The protection of your privacy as well as the security of all patient and business data during the processing of personal data is an important concern for us, which we consider in our processes. Here we inform you in detail about how we handle your data.
Controller according to Art. 4 para. 7 EU-General Data Protection Regulation (GDPR)
IRS Holding GmbH
Halstenbeker Weg 96b
Telefon: +49 4101 78 920
Data protection officer of the controller
IRS Holding GmbH
Dr. Ralf W. Schadowski
Halstenbeker Weg 96b
1. Rights of the data subject (Art. 15. GDPR)
In the following, we will inform you about your data subject rights. You can exercise these rights at any time and contact us directly for this purpose. If you request these rights from us, we will examine them in detail, considering the associated legal requirements and conditions. If necessary, we will request further information from you. We will explain the results of our examination and our procedure for fulfilling your request to you in detail. It is possible that we will not be able to fully comply with your requests in the way you would like.
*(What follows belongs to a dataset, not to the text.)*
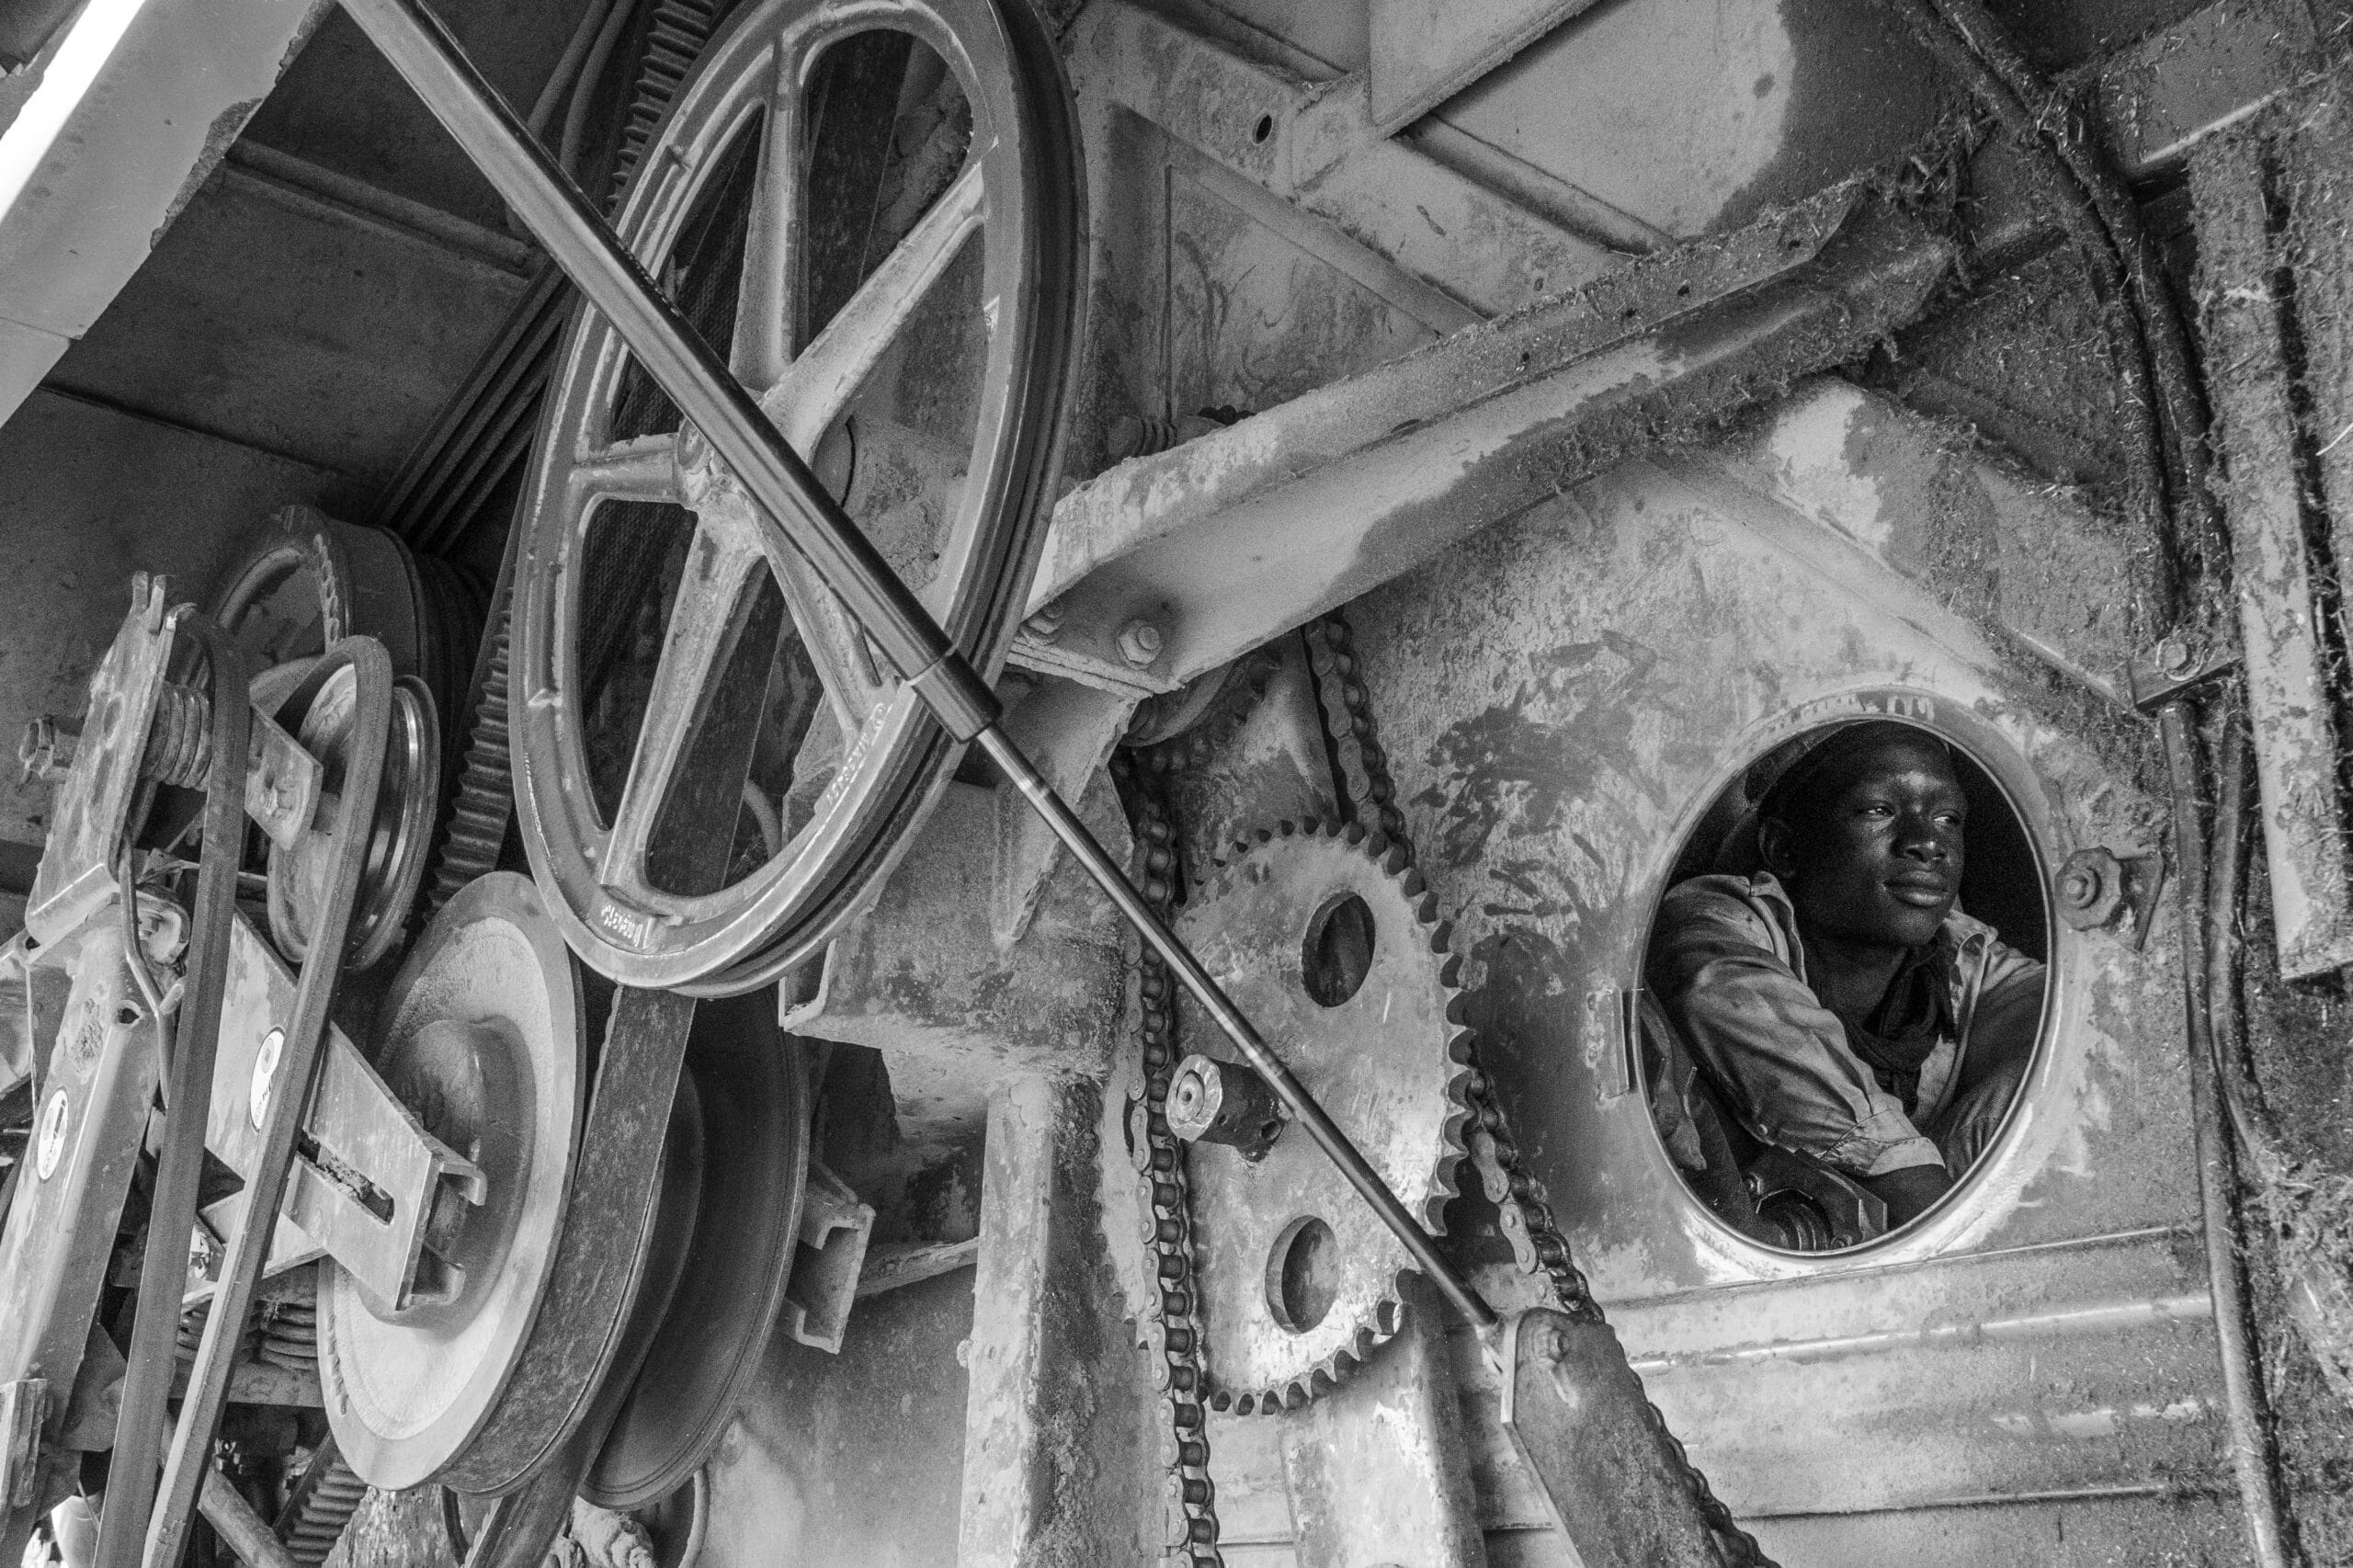 A black and white image of a man inside some machinery

This should not prevent you from claiming your rights from us or from inquiring with us in this regard. We will be happy to answer any questions you may have.
a) Right of access (Art. 15 GDPR)
In accordance with the law, you have the right to request information from us at any time as to whether and which of your personal data is being processed by us. This also includes information on the purposes of processing, if applicable, recipients to whom we have disclosed your data, the planned storage period and, if applicable, information on the origin of this data if we have not collected it directly from you. In addition, you have the right to a one-time free copy of your personal data stored by us. We reserve the right to charge a reasonable administrative fee for making the following copies.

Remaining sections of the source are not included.